The Public Trust, while being a 127 year old player, has hardly been seen as one of the big innovators in the financial services industry in the past decade or so.

Sunday, March 12th 2000, 12:00AM

by Philip Macalister

The Public Trust, while being a 127 year old player, has hardly been seen as one of the big innovators in the financial services industry in the past decade or so.

 

Part of this image can be traced right back to its beginnings in 1873 when it was established to provide trustee services for people who could not afford legal services.

The office is now trying to shake off its image as an organisation staffed by a bunch of cardy wearing civil servants and project itself as a 21st century organisation.

Part of this process involves telling people it is technologically advanced and that it is a leader in some product areas.

An added bonus to this rebirth is the highly supportive attitude of the new Government to the business. One of the PTO's senior executives recently said that comments made by the new minister in charge, Jim Anderton, were the most positive he has ever heard from a Government about the office.

The previous National-led administration was proposing to split the PTO into a state-owned enterprise and a trustee company, and either transfer some of its miscellaneous statutory responsibilities to other agencies or throw them open to competition.

Anderton says he wants to foster the PTO's growth, and keep it as a publicly owned asset. "The era of privatisation is over," he says. "The time is gone when the Government is going to sit back and run publicly-owned companies into the ground so that they can be closed or sold."

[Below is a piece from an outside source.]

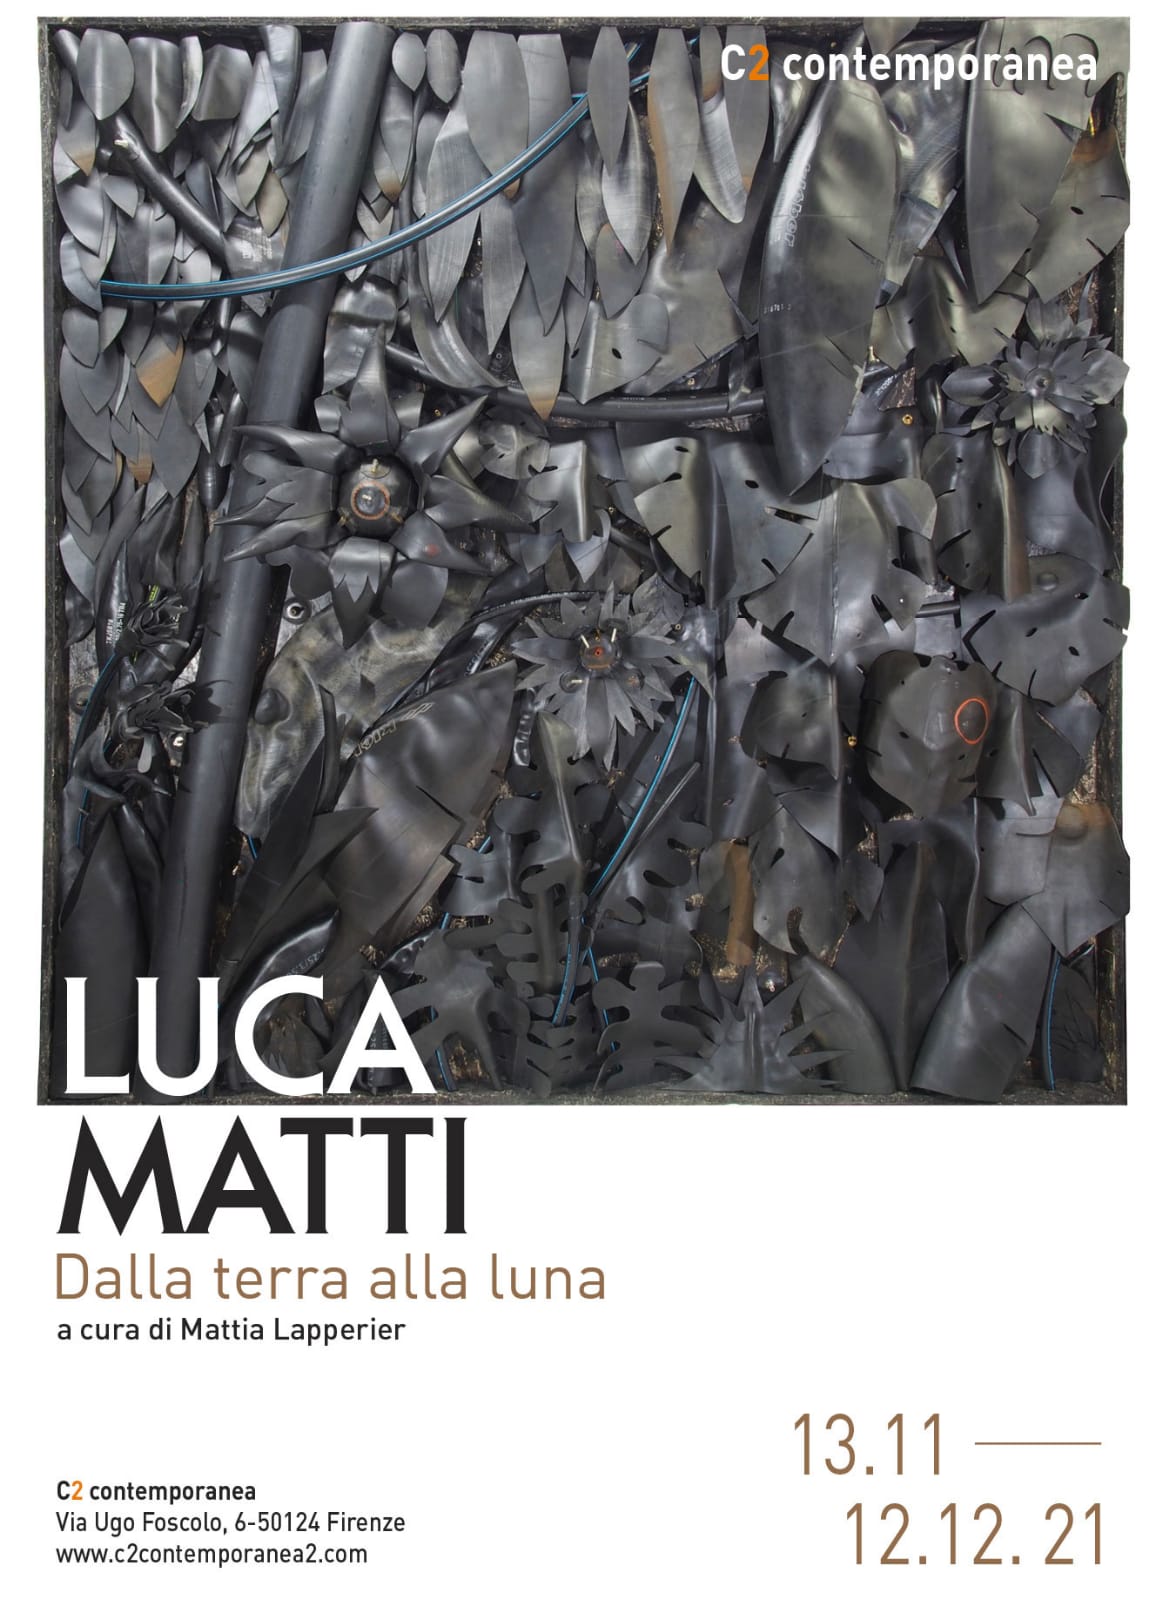 Luca Matti / Dalla terra alla luna, a cura di Mattia Lapperier
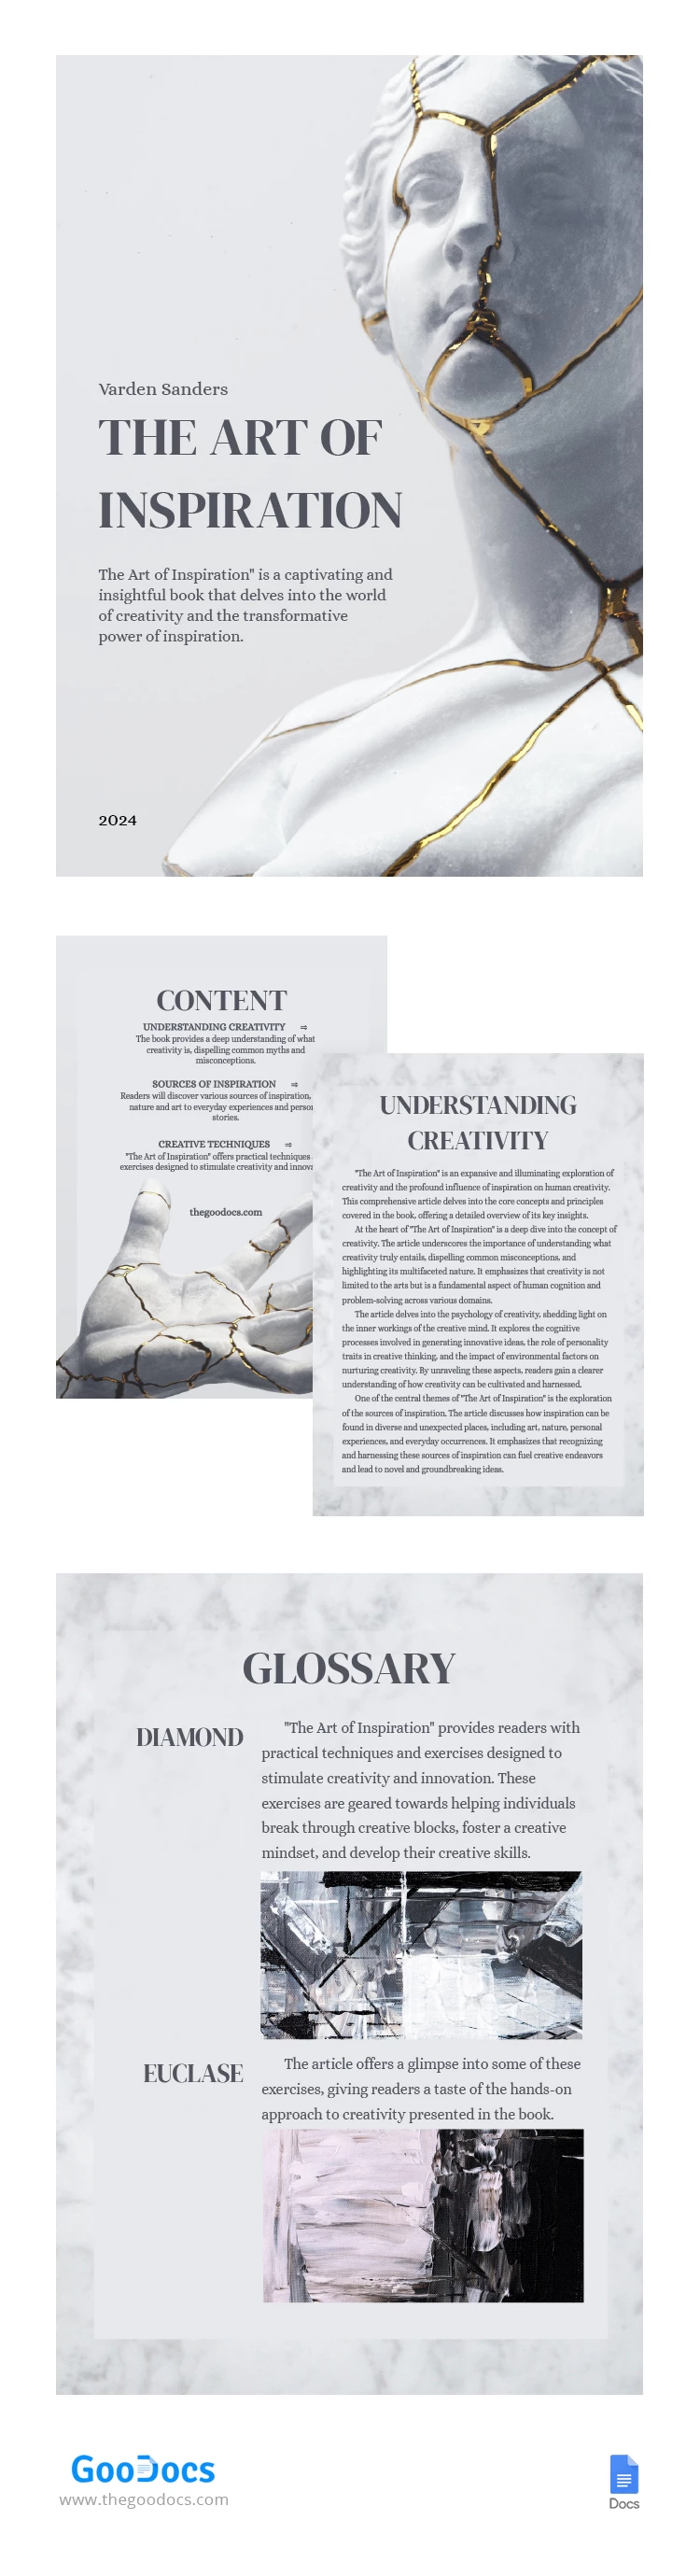 Livre électronique sur l'art du marbre - free Google Docs Template - 10066969

Anderton acknowledges the office is disadvantaged by some of the 89 Acts of Parliament which impact on its operations and he is supportive of making changes that will put the PTO on an equal footing with its competitors.

What is the PTO trying to tell us?
-A key message Public Trustee David Hutton is trying to promote is that the office is technologically advanced.

While this is not something customers see, it is, he believes a big plus for the organisation.

Its key competitive strengths are in the areas of will writing, trusts and estate administration.

Hutton says the PTO has about 20 per cent of the will writing market and it wants to grow that by about five percent over the next few years on the back of a recently launched marketing campaign.

He says the PTO was the first in the world to launch plain English wills. However, one of the problems the office faces in this area is that it handed this "technology" to its competitors, the Law Society, in much the same way New Zealand horticulturists gave their kiwifruit to the rest of the world.

Recently, the PTO has taken will writing to a new level - a level which it thinks is far ahead of anyone else. What it has done is automated the process and developed a software package for will writing.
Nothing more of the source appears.